MQTT minimum delay time between messages that openHAB can process them

I now provided a pull request that fixes this issue:

I strongly hope that this soon get into the main such that it can be released with the next milestones build. My devices are really suffering from this issue…

It’s good to get that QoS fixed.
But reminder that it’s only speculation this has to do with your problem.
We still haven’t seen how quickly you send messages, closest estimate is three within one second.

I meanwhile have worked-around in my code a lot and ensure that all messages have a minimum delay - sacrificing wait time for my users. And still I experience that openhab swallows messages from time to time - meaning the broker sends them to openhab and openhab does not process them. Likewise, some messages from openhab to the device were dropped, which makes my device waiting for logical acknowledgement and reports false negatives to the user.
To alleviate the latter problem, I found a non-standard setting of mosquitto according to which it raises qos level of subscribers to match their request level even if the publisher uses lower qos. My device subscribes with qos=2 but because openhab only sends with qos=0, according to the standard mosquitto sends them with qos=0 to my device. Now with setting upgrade_outgoing_qos=true, at least the path between the broker and the device is safe, as the broker sends it to the device with qos=2 given it received the message from openhab.

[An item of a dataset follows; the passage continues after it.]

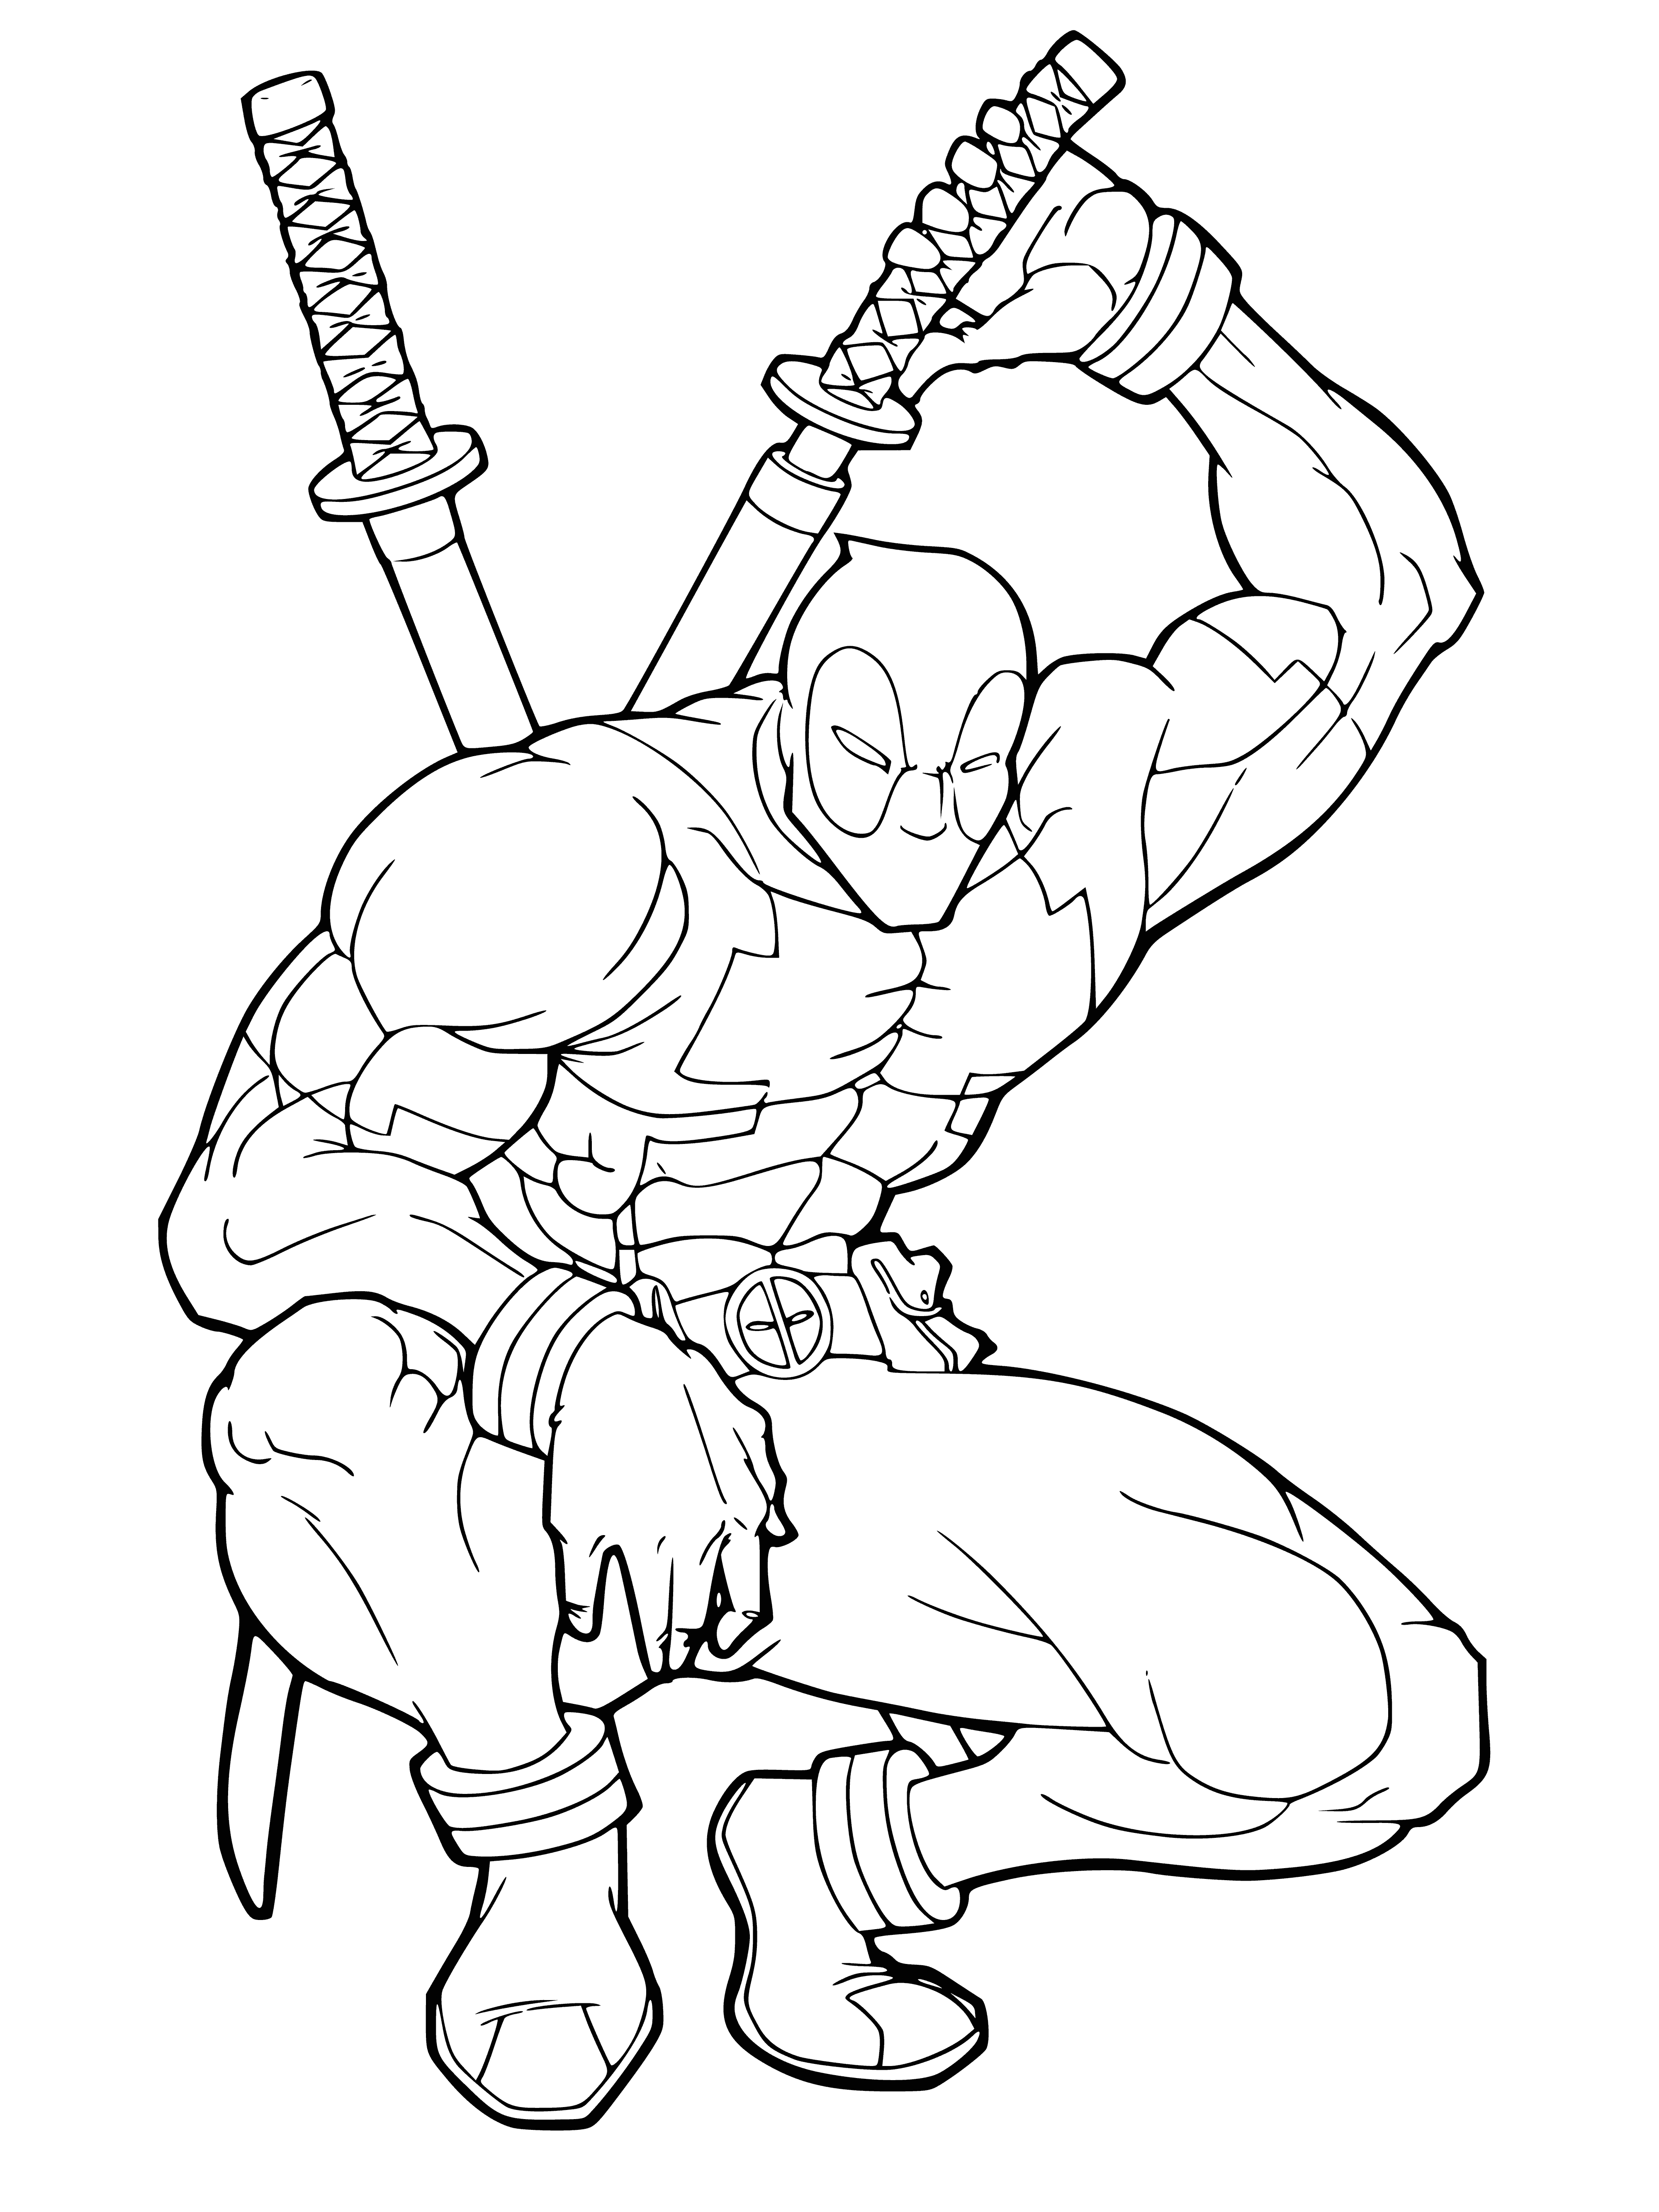 coloring page: Deadpool is a disfigured anti-hero mercenary with superhuman abilities; he is known for his comic quips, fourth wall breaks and running gags.

With those workarounds I felt now save enough to bring the fingerprint device into productive use for my family, but there are still some rare error cases.
With the openhab fix I’m confident that I don’t loose any messages anymore and that I eventually even can speed up the message throughout again.

I did have an issue with MQTT messages being too close together. I was using a encoder for dimming that I couldn’t get working stable so I just moved from MQTT to interact directly with the REST api.

Hi denominator,
Thanks for that hint, that’s a good idea for a workaround.
I don’t like it as an ultimate solution, because using the REST interface means that my device has to know the Item name in openHAB, and then I must recompile the device firmware if the item name is changed (not speaking of the risk to forget about that dependency and breaking the function with a simple rename).

I more and more get the feeling that the mqtt binding is not as stable as one would assume, given the number of users and the time it is already available.
I had it two days in a row, that everything worked fine for the first two hours of openHAB being up, and then suddenly the binding did not react anymore on certain messages - as if it had forgotten that it subscribed to that message. In this case, I can see that mosquitto transmitted the message to openHAB, but the binding didn’t react.
Strange thing is, that other channels of the same Thing still worked without problems, and only some were dead - consistently and repeatable…

If I knew how to reproduce this state, I could track it better down, but with only getting sporadically into it, after hours of running fine, this is cumbersome. If the system is in that state, only mitigation possibility is to restart openHAB. In that attempt, it also reports that the handler of the mqtt binding did not react within 5000ms…

A gut feeling tells me that this is related with the SamsungTV binding, which seems to have some internal lock problem if it hits connection issues with the TV. Is it possible, that a locked thread in the SamsungTV binding also makes mqtt binding stop working? Are those operated by the same threads??

Regards,
Stedon81

Most stuff in oh operate it of thread pools so that is very much a possibility.